■ **TASK**:
Write out the listing below exactly, and omit any images you find in it.

■ **AVAILABLE DATA**:
......

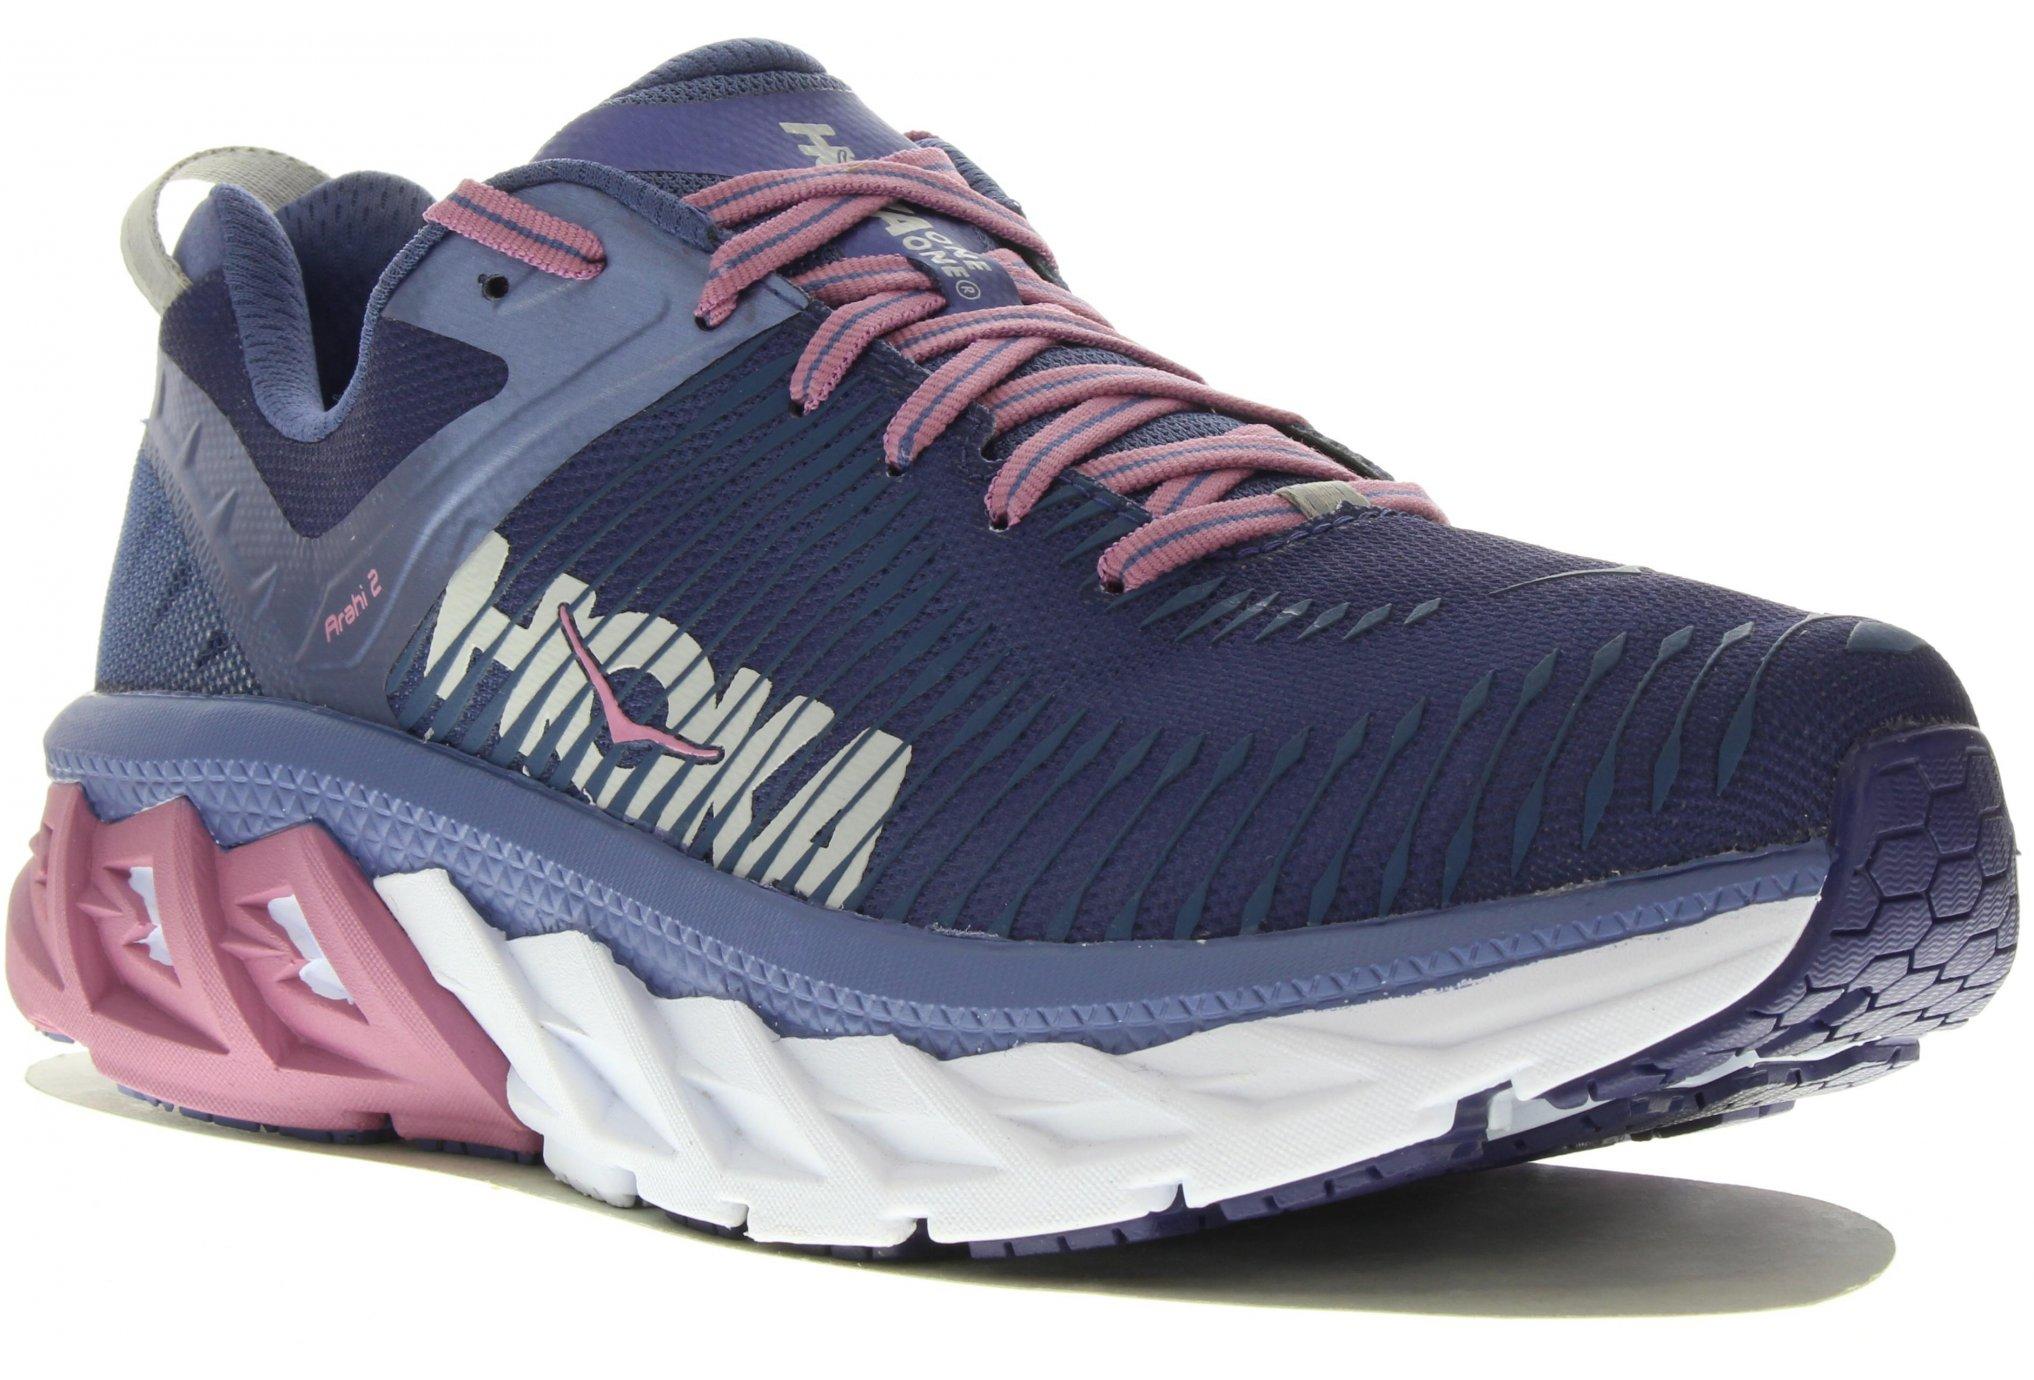 Hoka One one arahi 2 w chaussures running femme
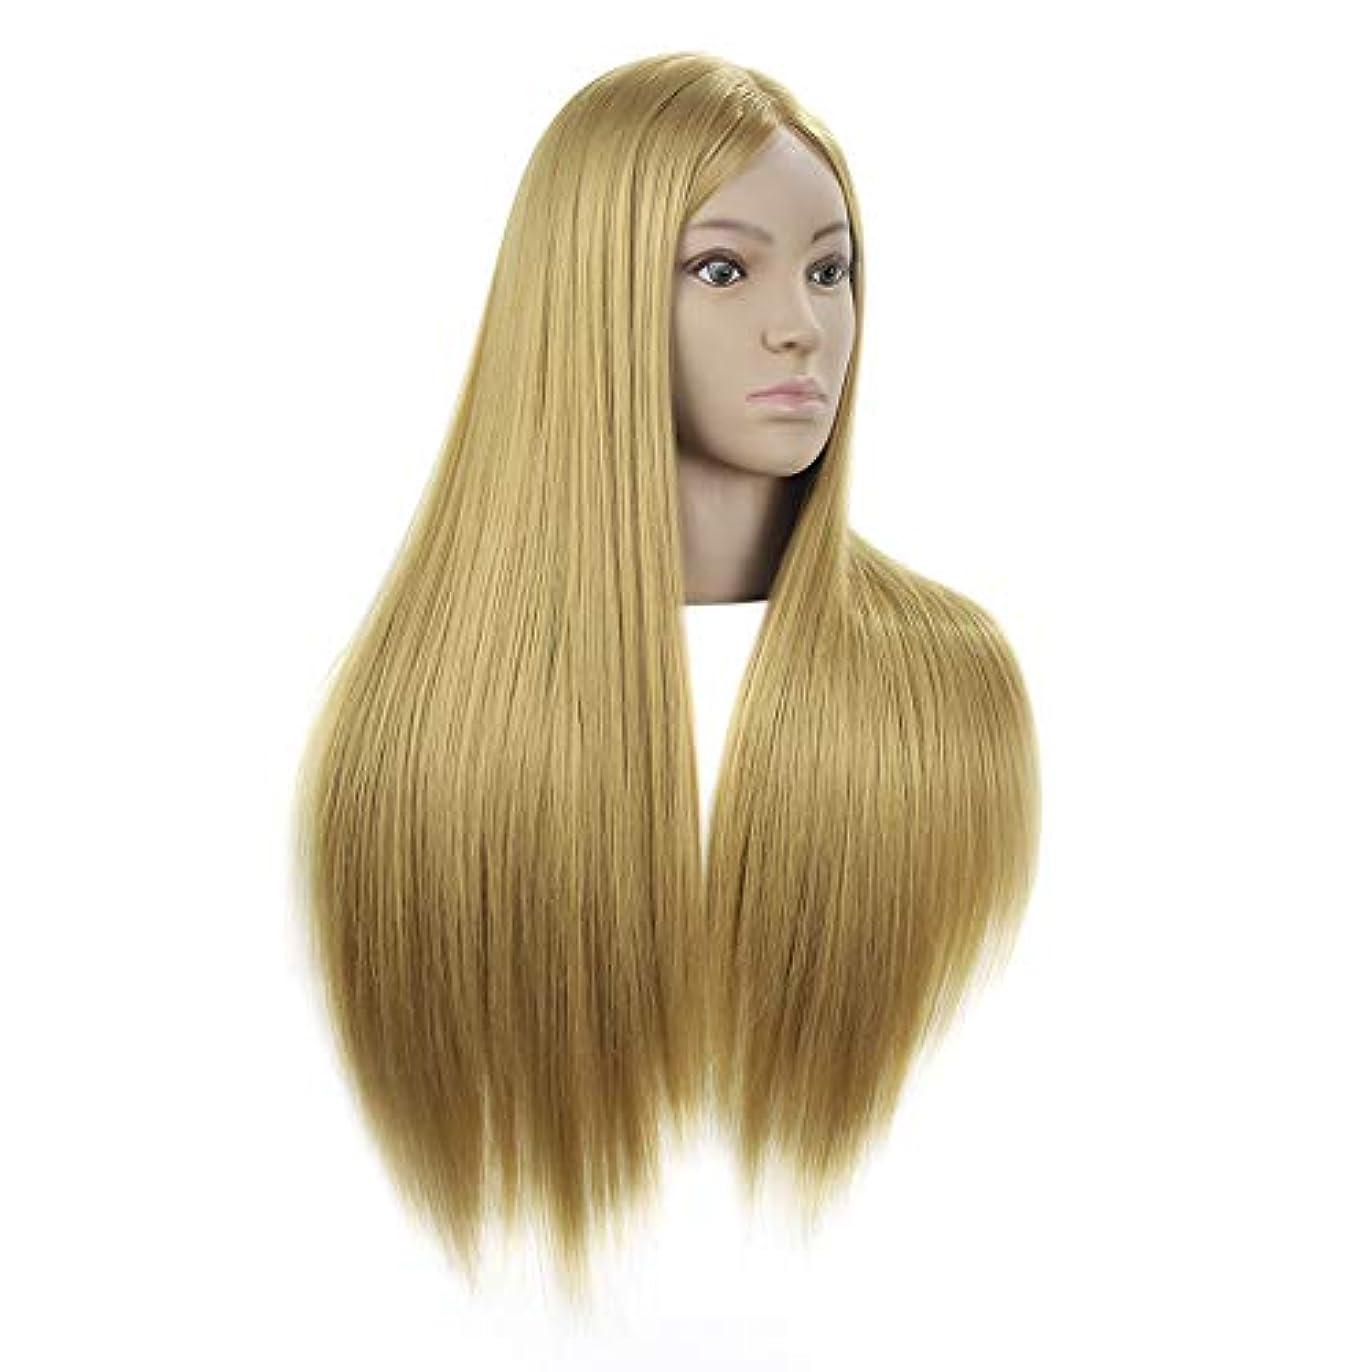 カイウス架空のするリアルヘアスタイリングマネキンヘッド女性ヘッドモデル教育ヘッド理髪店編組ヘア染色学習ダミーヘッド
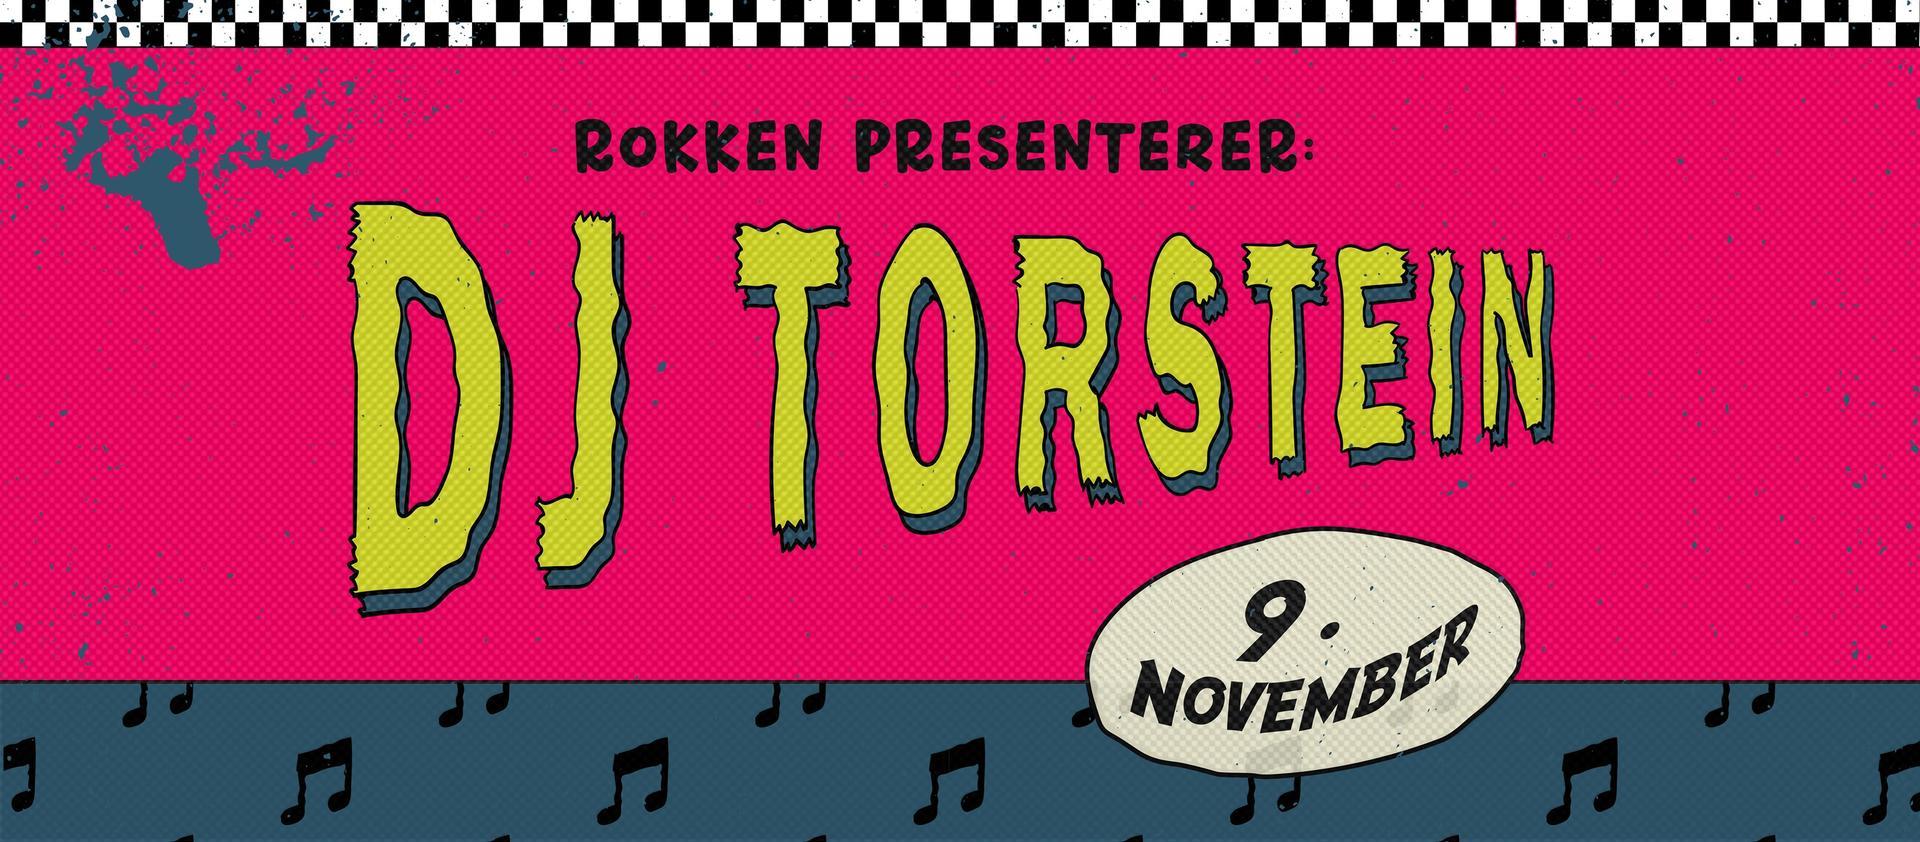 Rokken pres. DJ Torstein
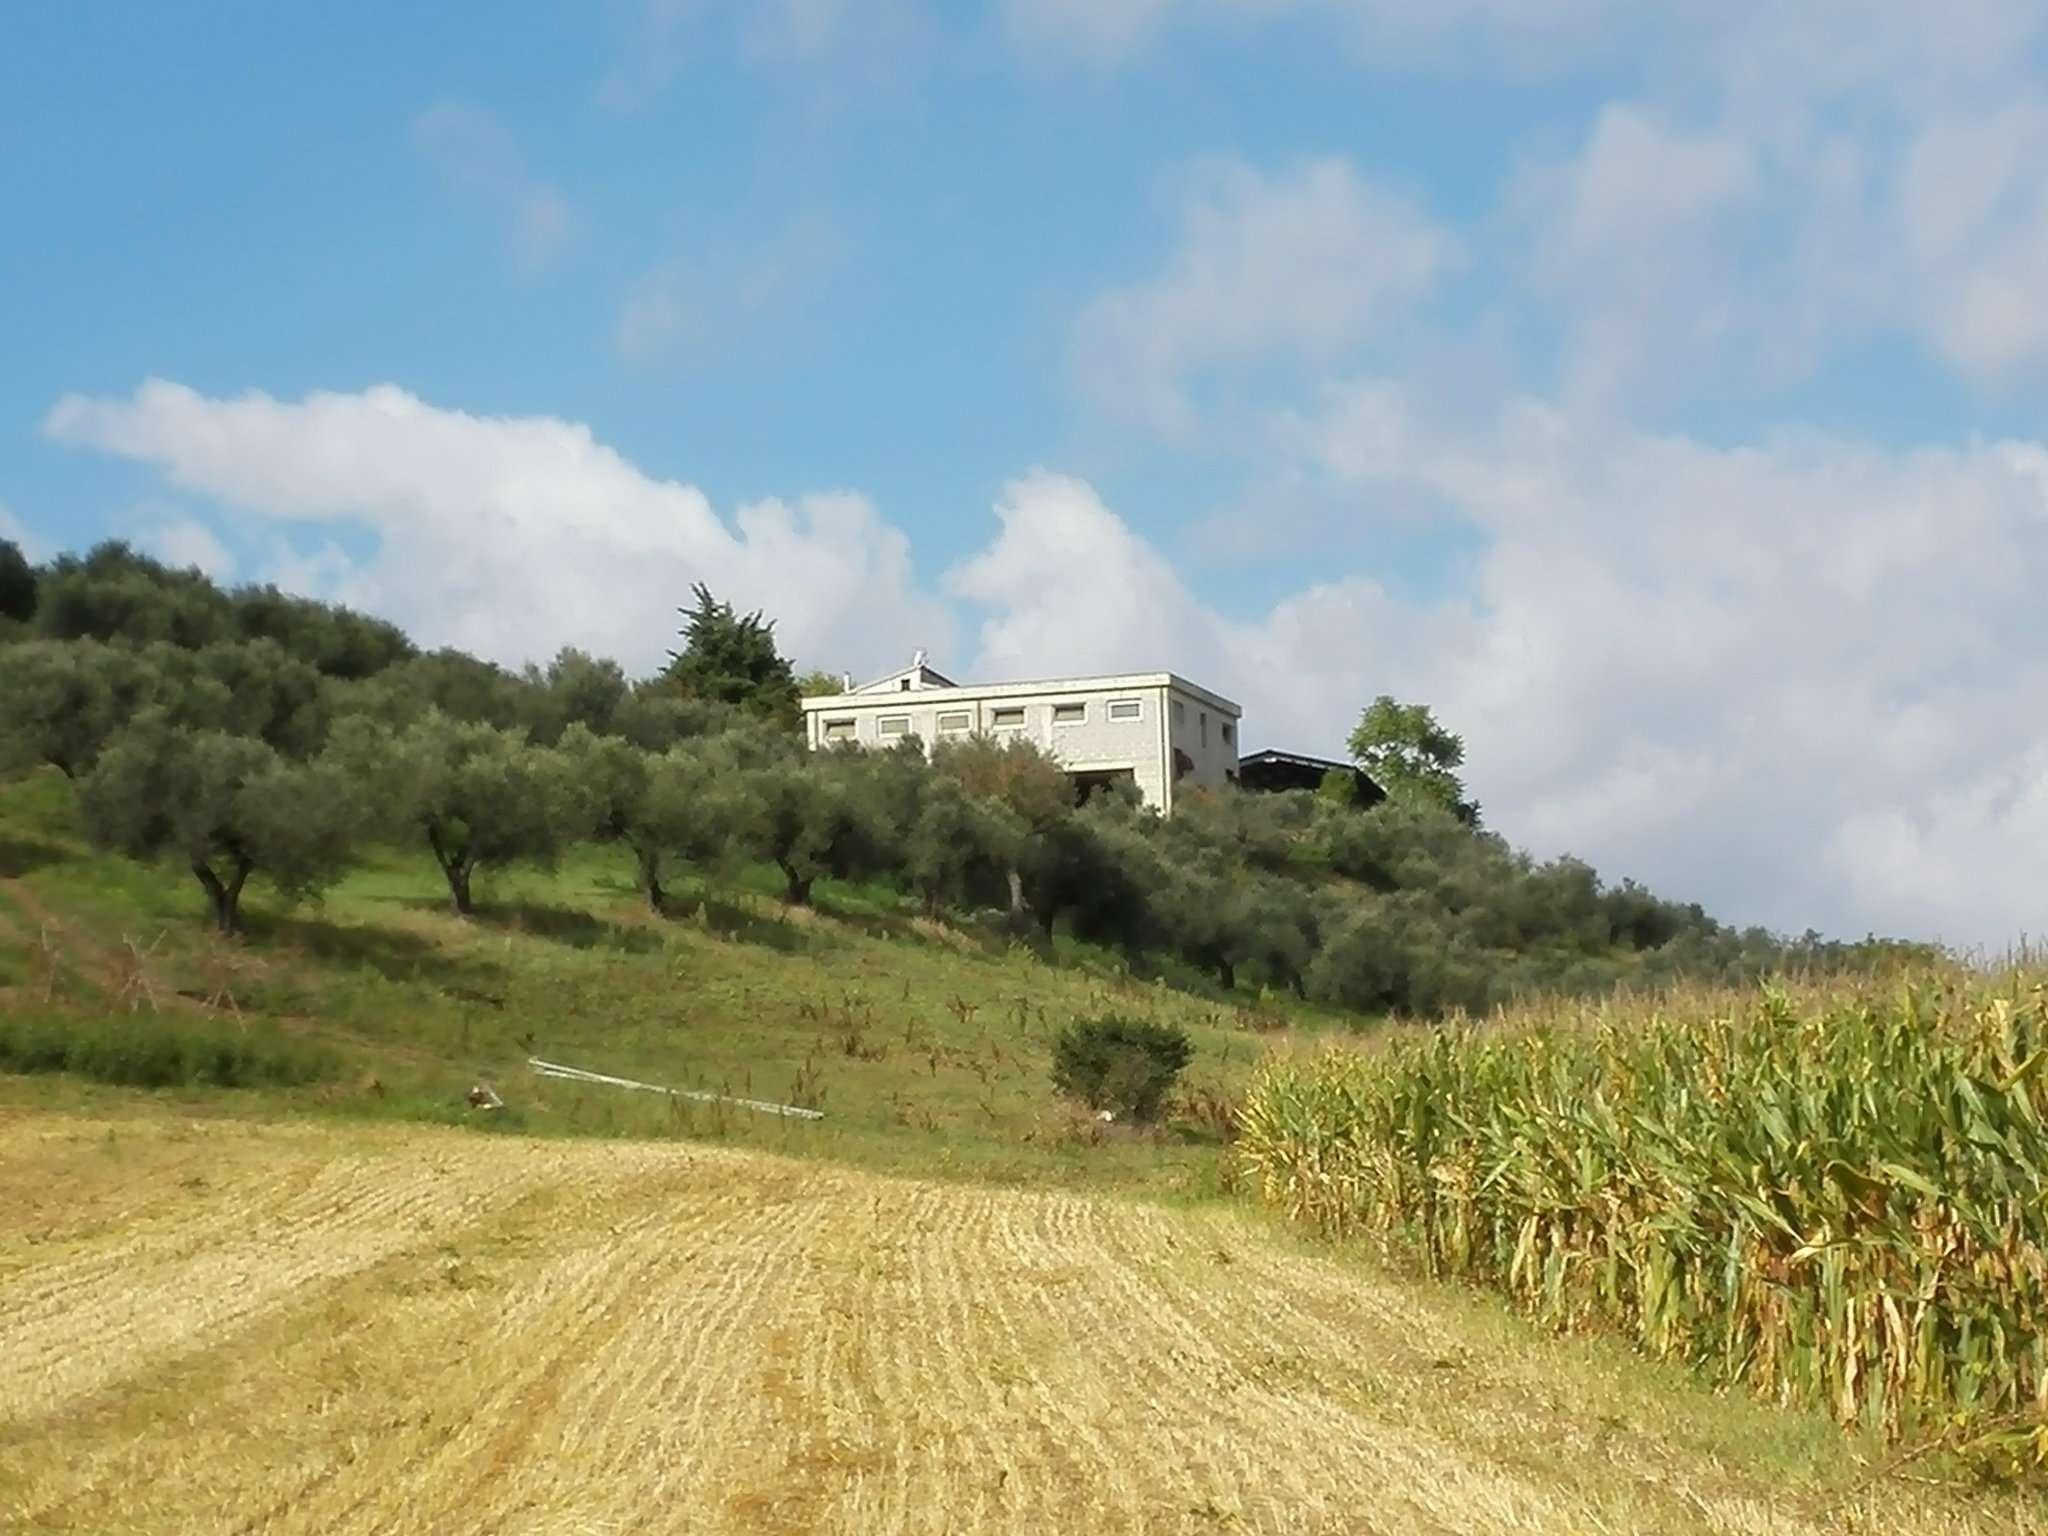 COLLECORVINO CONTRADA CASTELLUCCIO AFFITTASI CAPANNONE AGRICOLO

......

■ **TASK ANSWER**:
 Hoka One one arahi 2 w chaussures running femme
 カイウス架空のするリアルヘアスタイリングマネキンヘッド女性ヘッドモデル教育ヘッド理髪店編組ヘア染色学習ダミーヘッド
 Rokken pres. DJ Torstein
 COLLECORVINO CONTRADA CASTELLUCCIO AFFITTASI CAPANNONE AGRICOLO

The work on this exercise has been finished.